Foreign Policy

National Defense in the Age of Democracy

April 2, 2016

Stand Together Trust was a proud sponsor of the 2016 International Students for Liberty Conference last month, a gathering of pro-liberty students and young professionals from around the world who were eager to learn about and discuss the ideas of liberty and free societies. The Institute hosted several sessions, the first of which was a discussion between vice president of research and policy William Ruger and Michael Desch, director of the Notre Dame International Security Center. Ruger and Desch engaged in a wide-ranging conversation covering the status quo of American foreign policy, case studies of this policy in action, and a possible alternative grand strategy of restraint.

Ruger opened the conversation by asking Desch about the current approach to American foreign policy. For the last few decades, Desch explained, the consensus across the political spectrum has been primacy. Primacy is a foreign policy based on the idea that “the world can’t operate in a smooth and peaceful way without assertive American leadership.”

Desch challenged the effectiveness of primacy by examining how it has actually played out in practice over the past 15 years. He looked at the case studies of Afghanistan, Iraq, and Libya. In each example, Desch criticized the errors that were made as a result of the primacist mindset.

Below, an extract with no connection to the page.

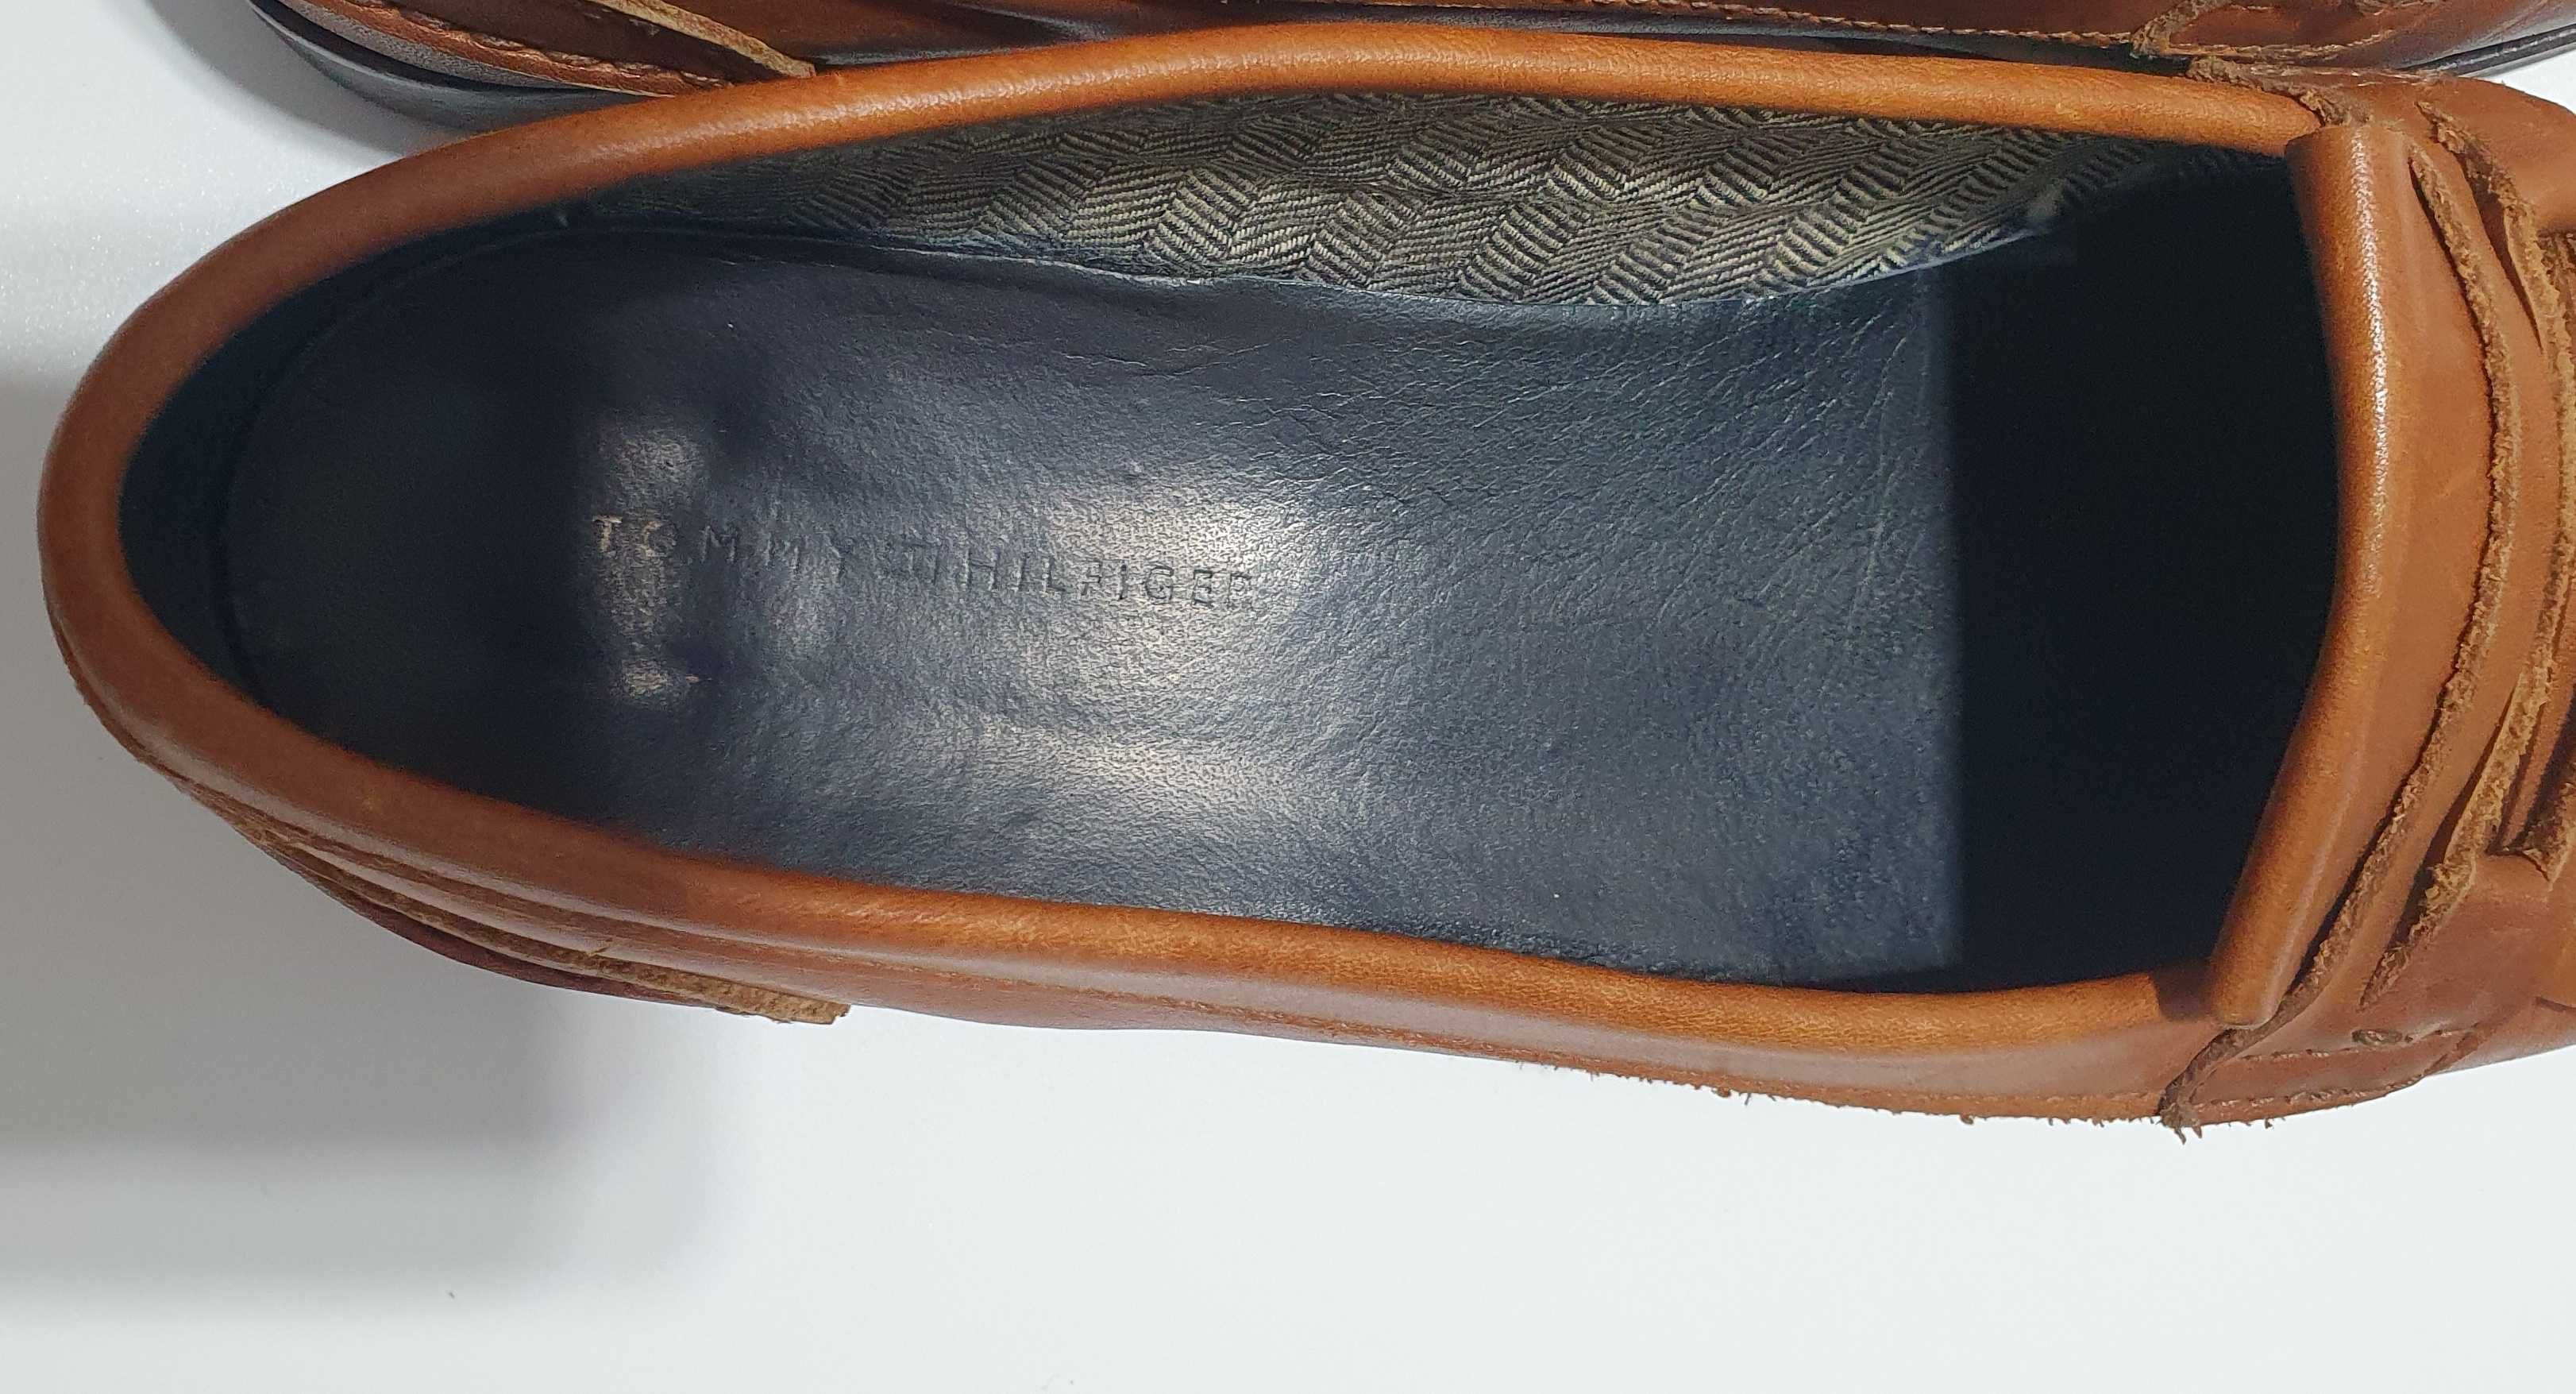 Pantofi de piele dama Tommy Hilfiger marimea 38 interior 24 cm

“To my way of thinking,” Desch argued, “Afghanistan, or at least early stages of U.S. military operations in Afghanistan from October through early December of 2001, a necessary war for the United States.” Where the war went wrong, however, was when it “turned into an exercise in nation building … in a country that had never really been a nation throughout its history.”

Iraq, meanwhile, was another case of “a well-intentioned but ultimately foolhardy exercise in building a democratic political regime,” said Desch. The apparent success in 2008 was “the peace of a military occupation,” not a sign we had created a functioning democracy.

Desch described Libya as “a good case demonstrating the law of unintended consequences.” The military intervention significantly damaged both regional stability and U.S. nuclear nonproliferation efforts. He argued that “the United States and the international community went in thinking that we could do some good and get rid of a malefactor. The result is that we’ve made things worse there.” Lacking a stable government, Libya has attracted warlords, al-Qaida, and ISIS to fill the void.

In light of primacy’s defects, Ruger asked Desch to “tell me what your approach to grand strategy or U.S. foreign policy would look like.” Desch acknowledged that there are several different alternative grand strategies, but that he believes the strategy “whose time has come” is restraint, which he went on to describe more thoroughly.

Restraint is a grand strategy that would maximize existing U.S. strategic advantages. Under a restraint-based approach, the United States would not need to maintain the expensive and expansive military footprint around the world that is advocated by the primacists. The U.S. military possesses the capability to protect U.S. national interests from “over the horizon” instead of relying on deployments on the ground.

The United States has several defensive advantages, such as two huge “moats” in the form of the Atlantic and Pacific Oceans and militarily weak neighbors. Nuclear weapons also protect the United States from attack. Finally, Desch argued that the geopolitical situation in the world is changing, to the benefit of the United States. “I think we are moving into a period in which power is going to be very diffuse. … Given that, we will have more breathing space to engage in a less assertive way than previously, and our security will still be perfectly fine.”

This session is one of many events the Institute has hosted and will be hosting in the future to promote a national conversation about foreign policy and possible alternatives to the primacy status quo. The Charles Koch Foundation is also currently accepting proposals for research projects related to this important issue.